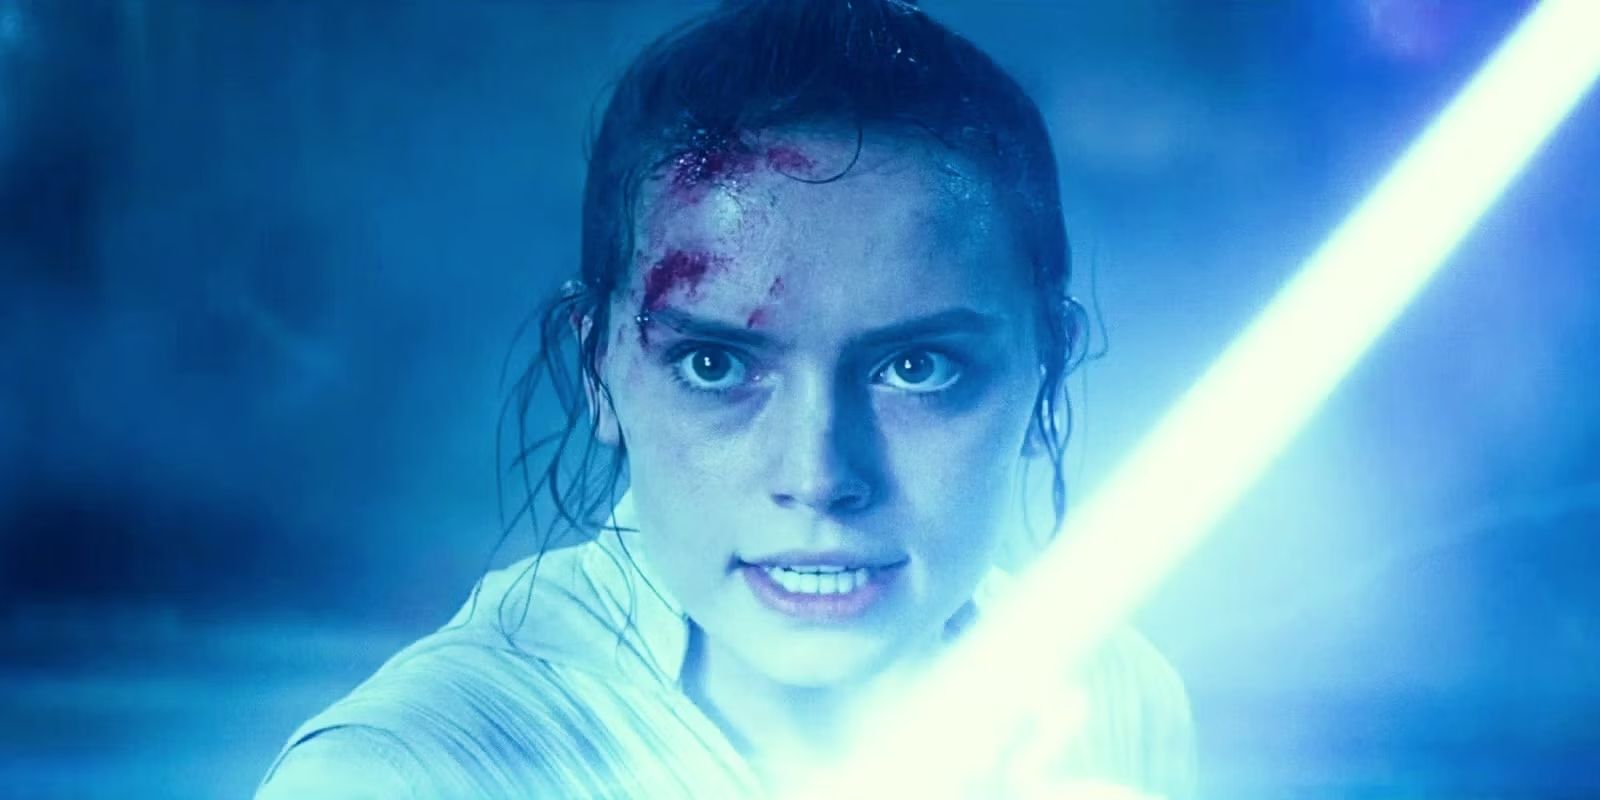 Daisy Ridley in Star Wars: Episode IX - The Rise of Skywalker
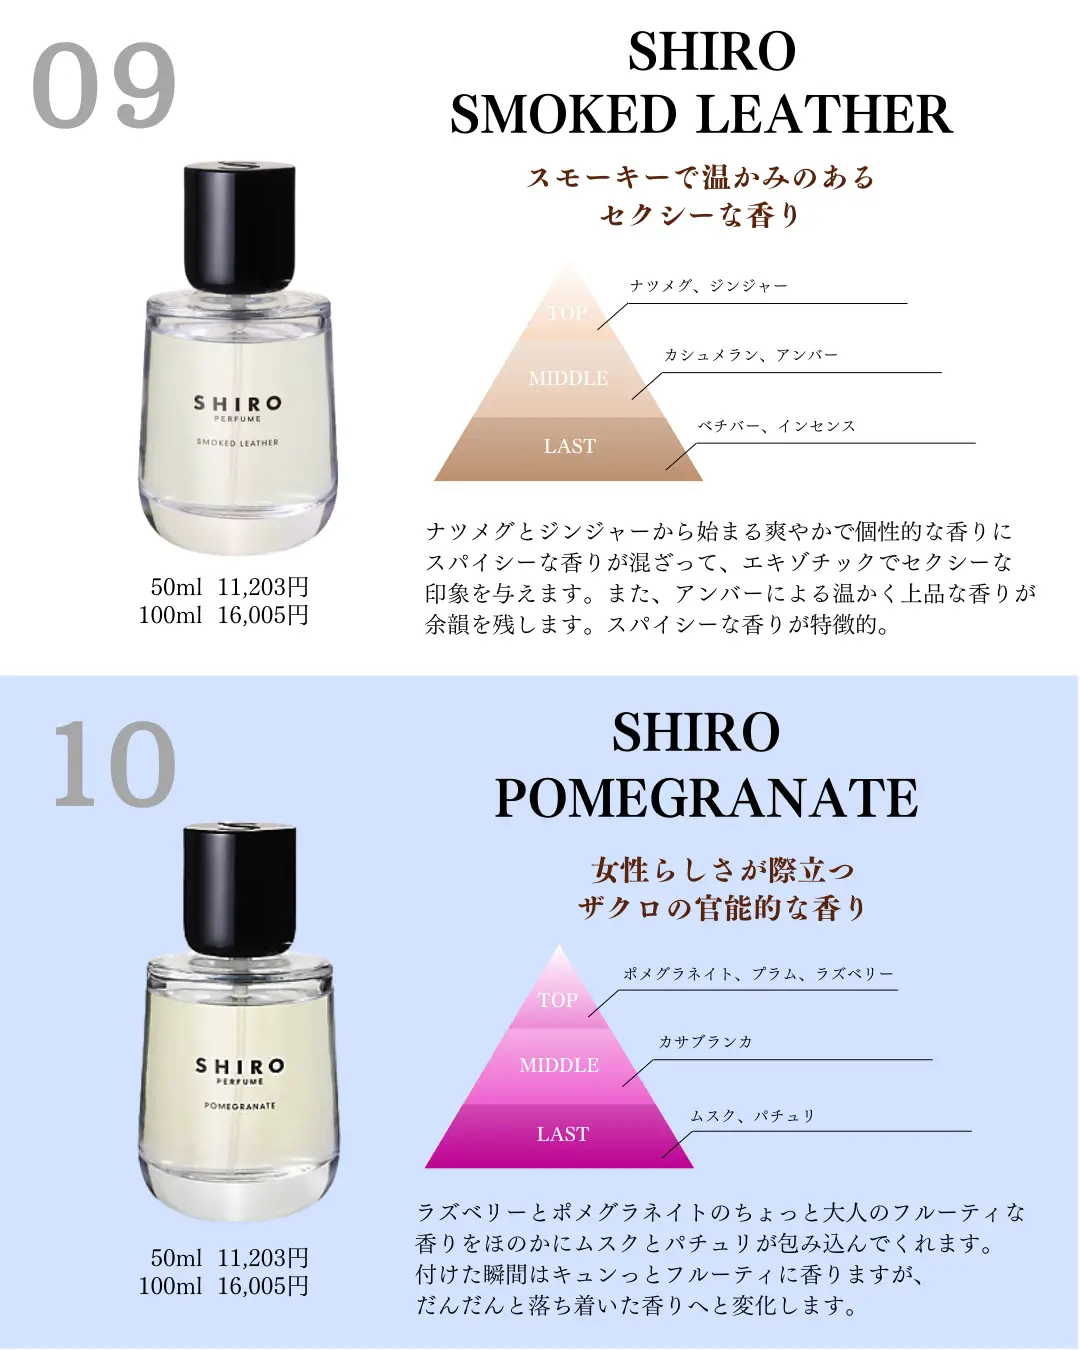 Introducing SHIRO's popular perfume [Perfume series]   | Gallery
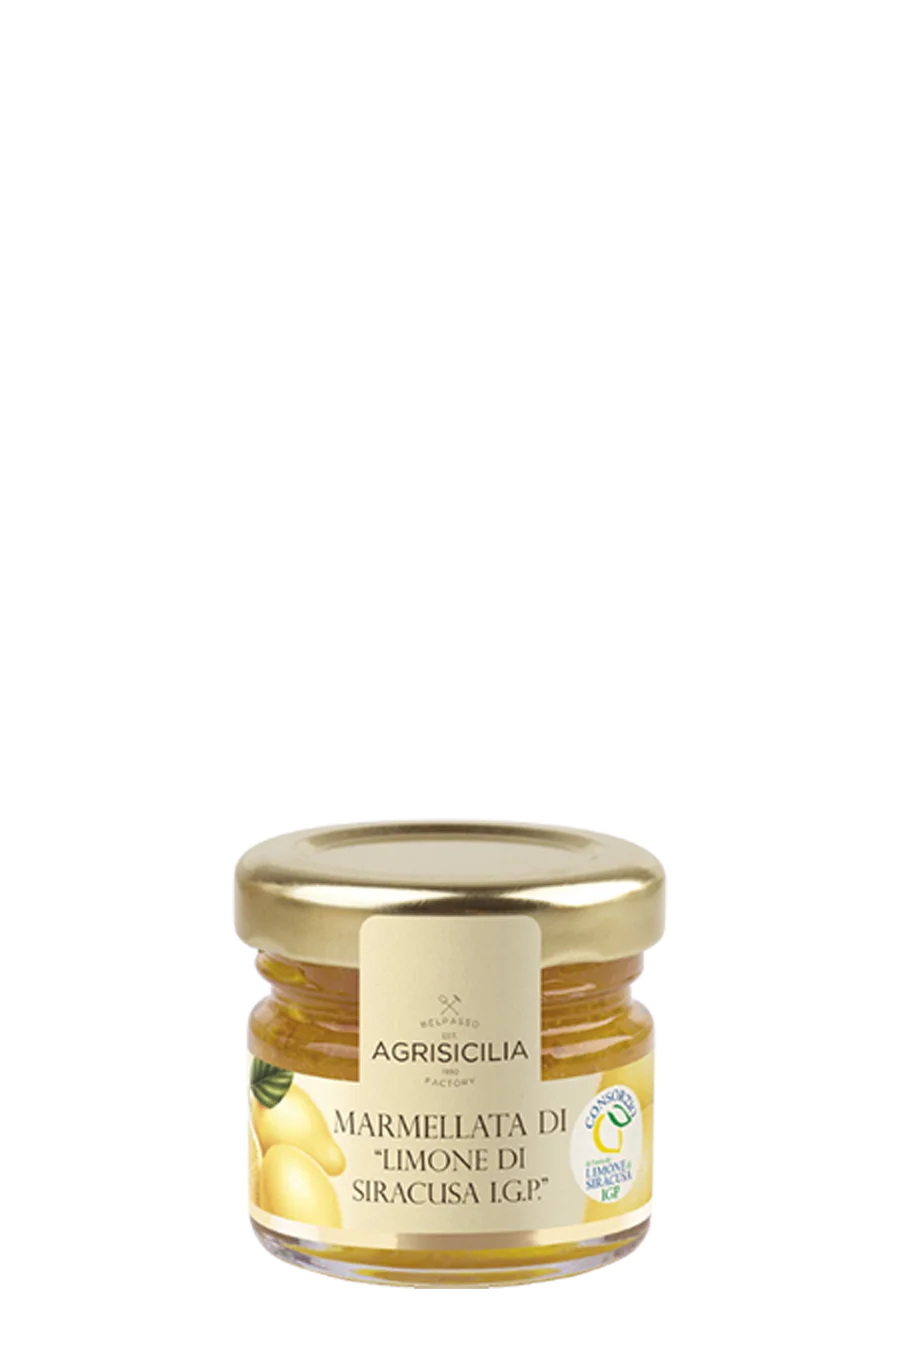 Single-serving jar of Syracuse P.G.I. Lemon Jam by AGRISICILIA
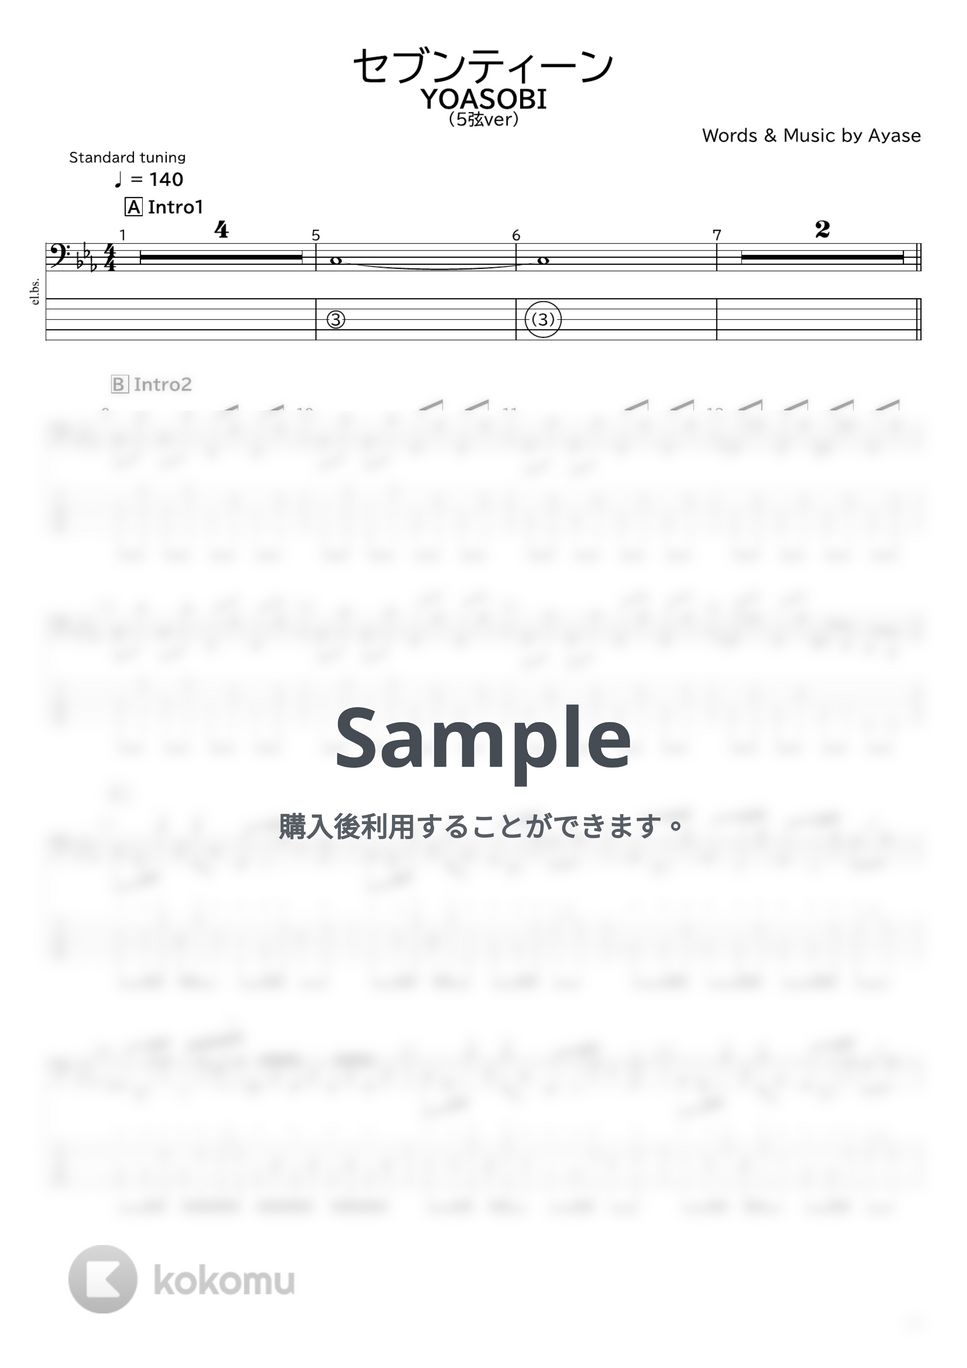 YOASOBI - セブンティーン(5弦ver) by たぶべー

##############################

The required output is the line containing "Single-serving jar of" plus every line after it to the end of the data, copied exactly and with no pictures.

 Single-serving jar of Syracuse P.G.I. Lemon Jam by AGRISICILIA
 YOASOBI - セブンティーン(5弦ver) by たぶべー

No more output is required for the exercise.